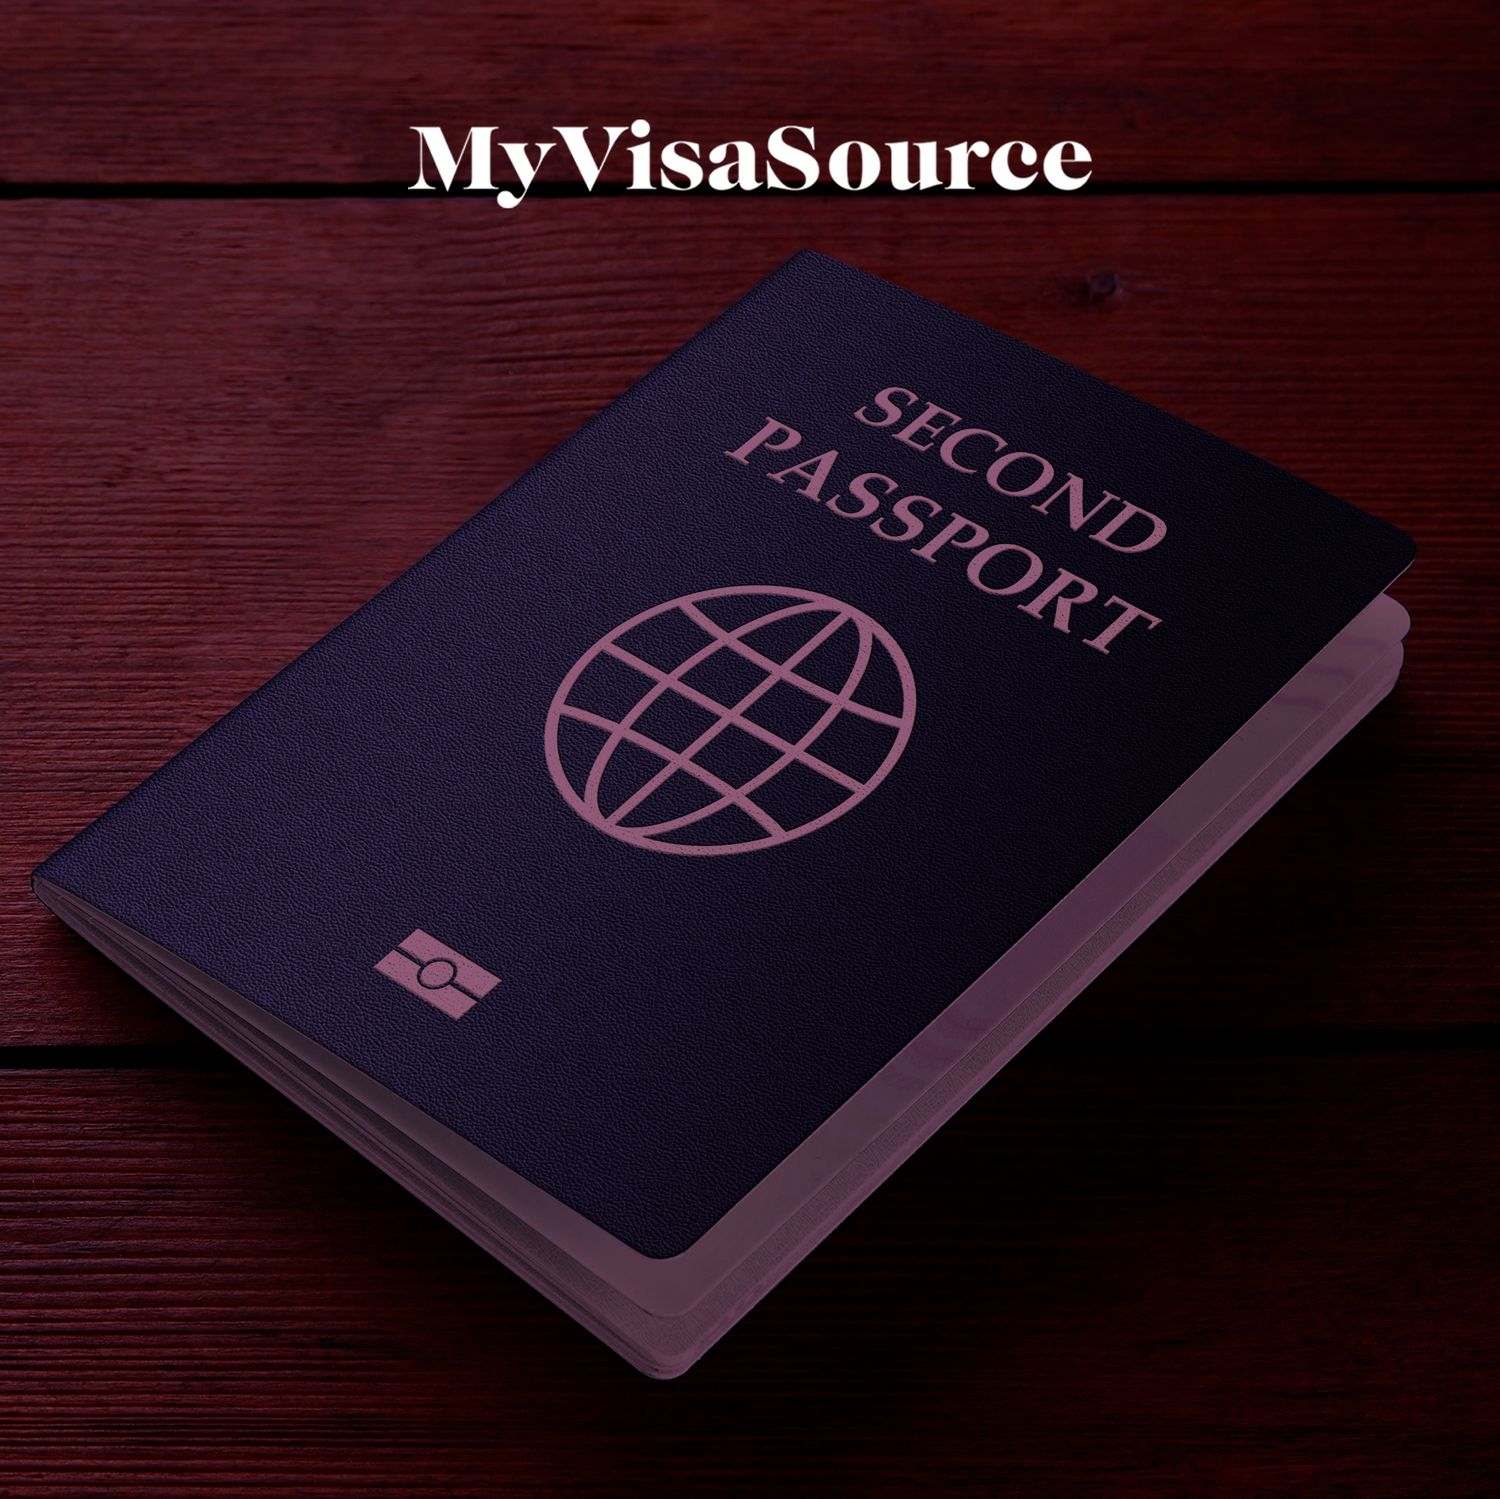 second passport written on a passport my visa source
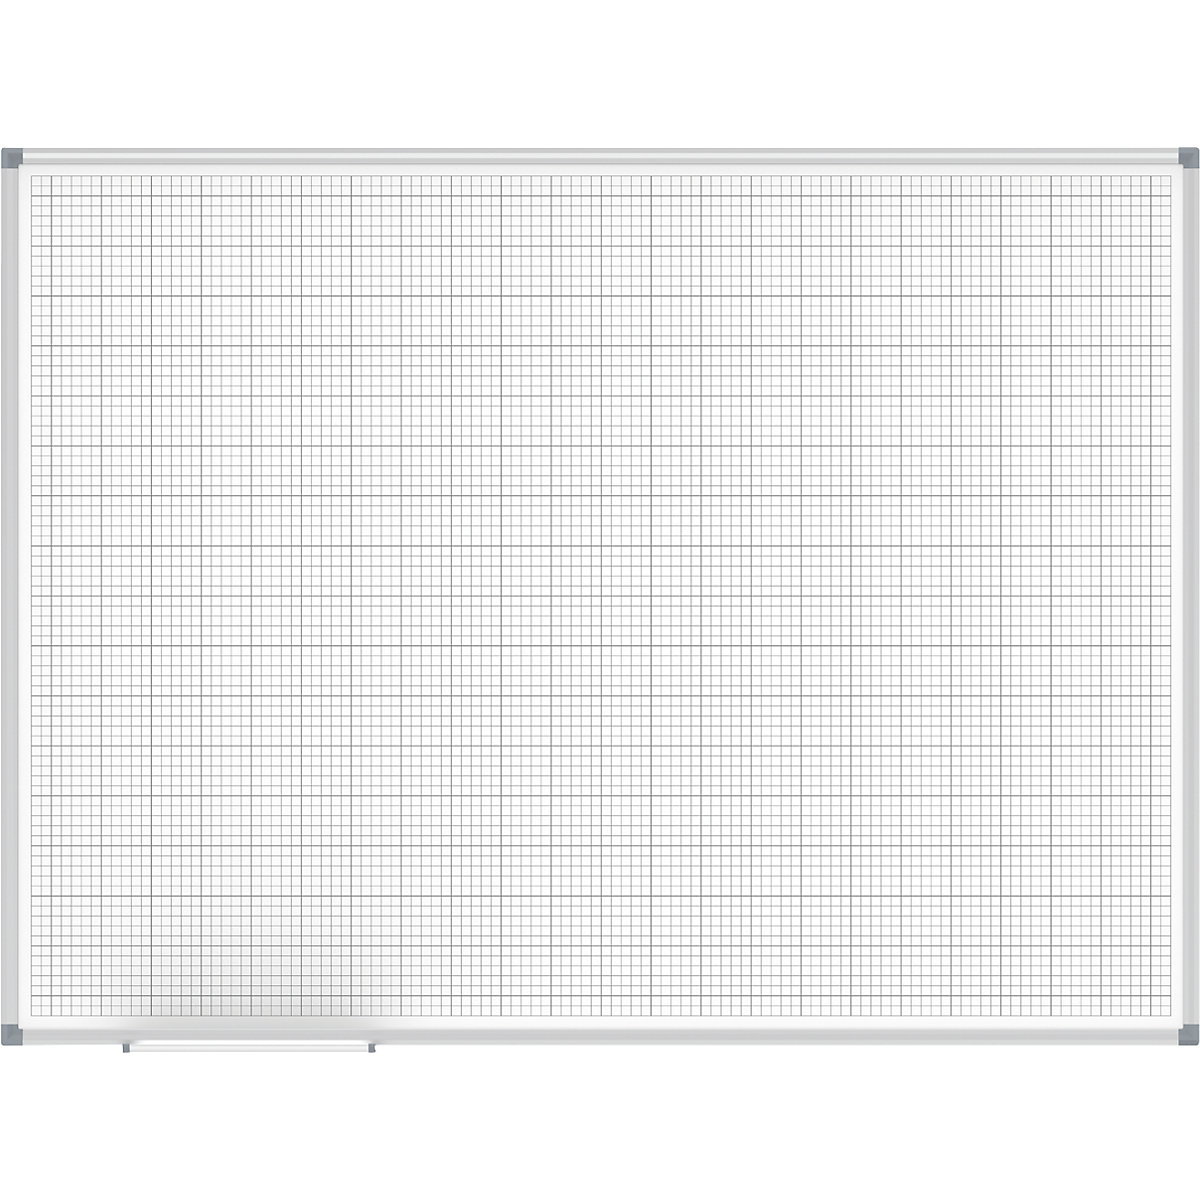 Lavagna a quadretti MAULstandard, bianco – MAUL, reticolo 10 x 10 / 50 x 50 mm, largh. x alt. 1200 x 900 mm-4
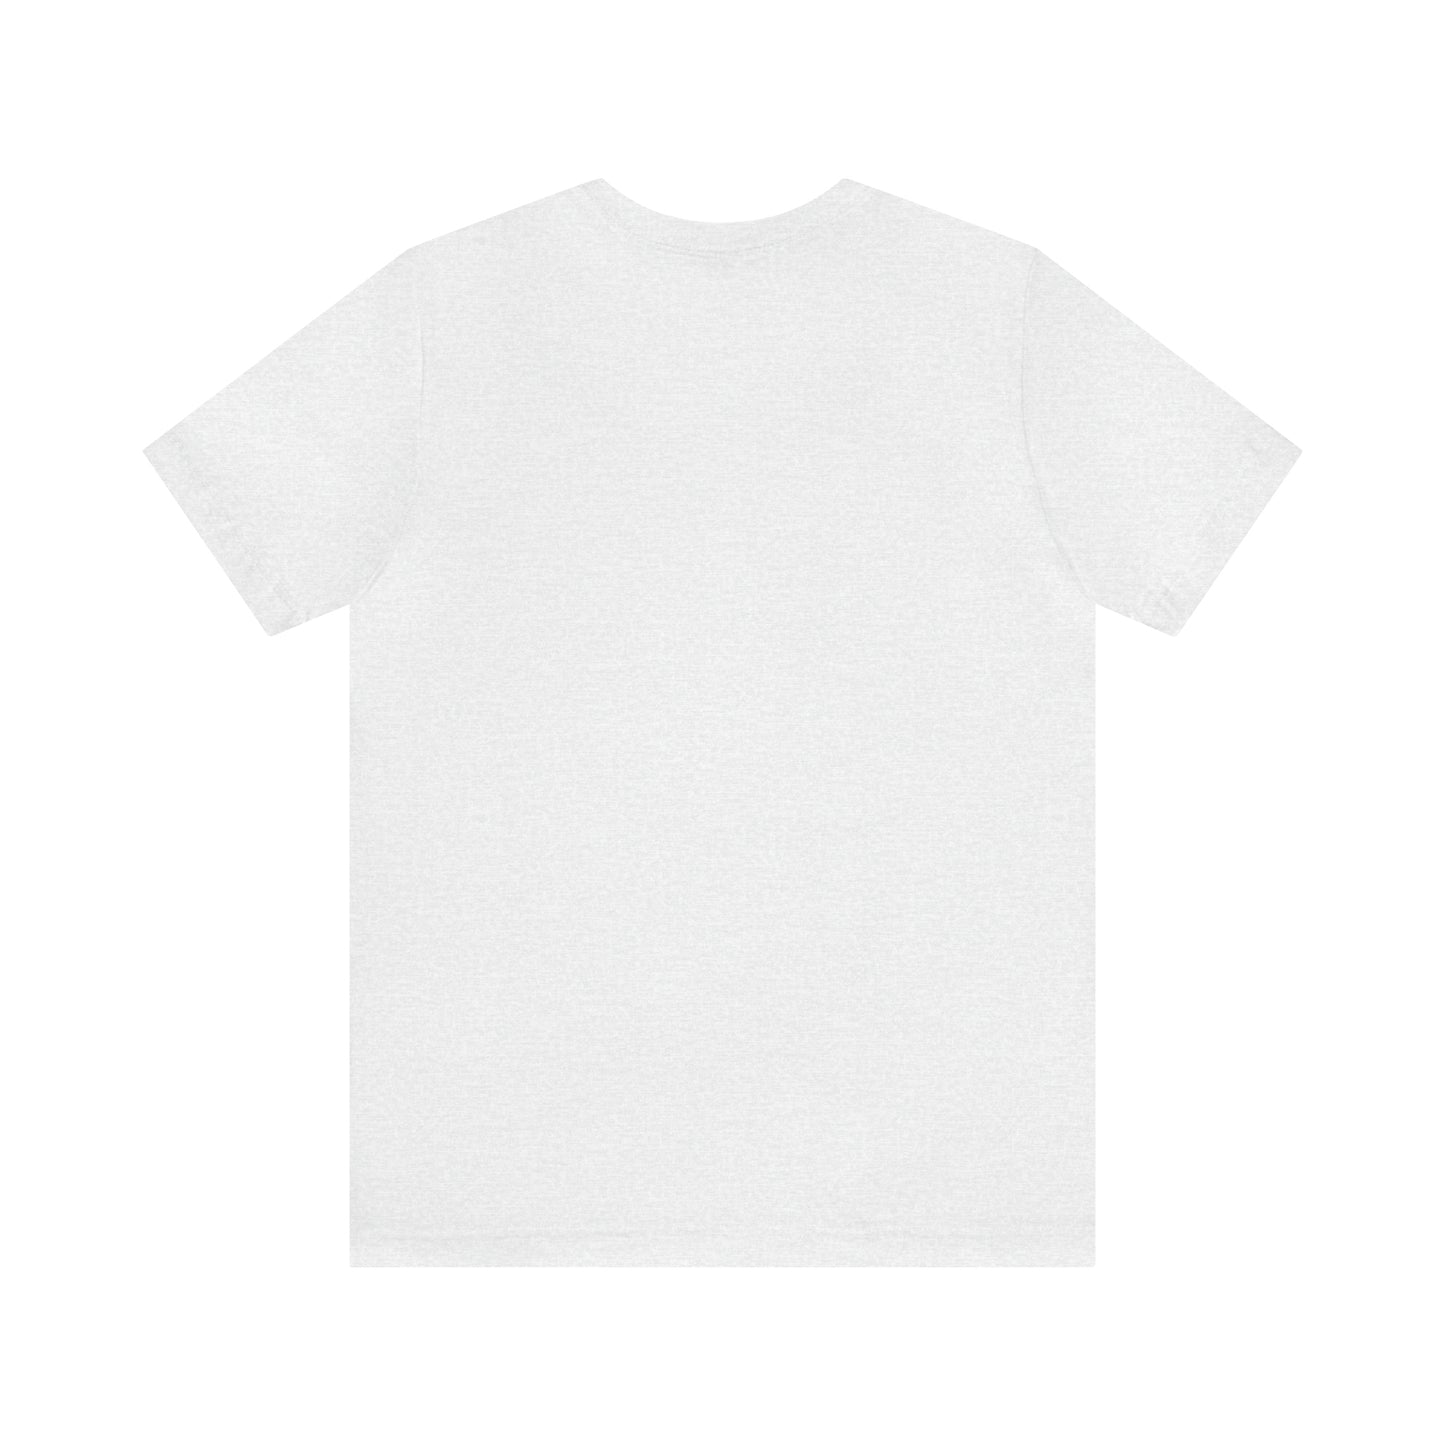 Cape Cod, Mass Pickleball Short Sleeve T-Shirt
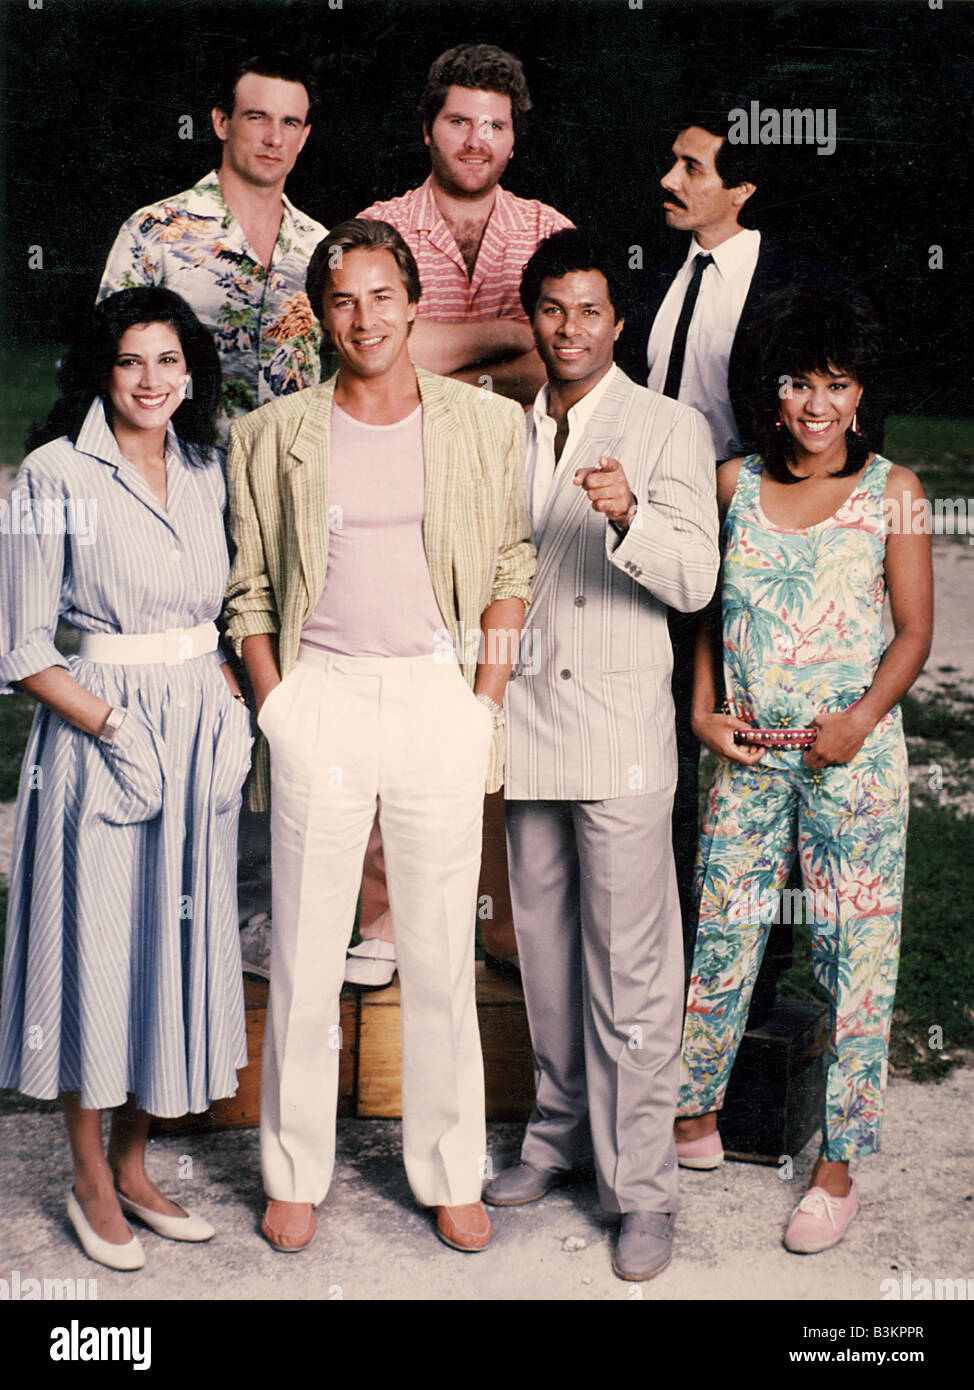 MIAMI VICE US-Fernsehserie mit Don Johnson (weiße Hose) und Phillip Michael Thomas neben ihm lief die Show von 1984 bis 1990 Stockfoto

· · ·

» **Brief**
Copy out, with no pictures, the lines from the one containing "Lavagna a quadretti" through the last line of the data above, both ends included and each word unchanged.

» **Exercise solution**
 Lavagna a quadretti MAULstandard, bianco – MAUL, reticolo 10 x 10 / 50 x 50 mm, largh. x alt. 1200 x 900 mm-4
 Cape Cod, Mass Pickleball Short Sleeve T-Shirt
 MIAMI VICE US-Fernsehserie mit Don Johnson (weiße Hose) und Phillip Michael Thomas neben ihm lief die Show von 1984 bis 1990 Stockfoto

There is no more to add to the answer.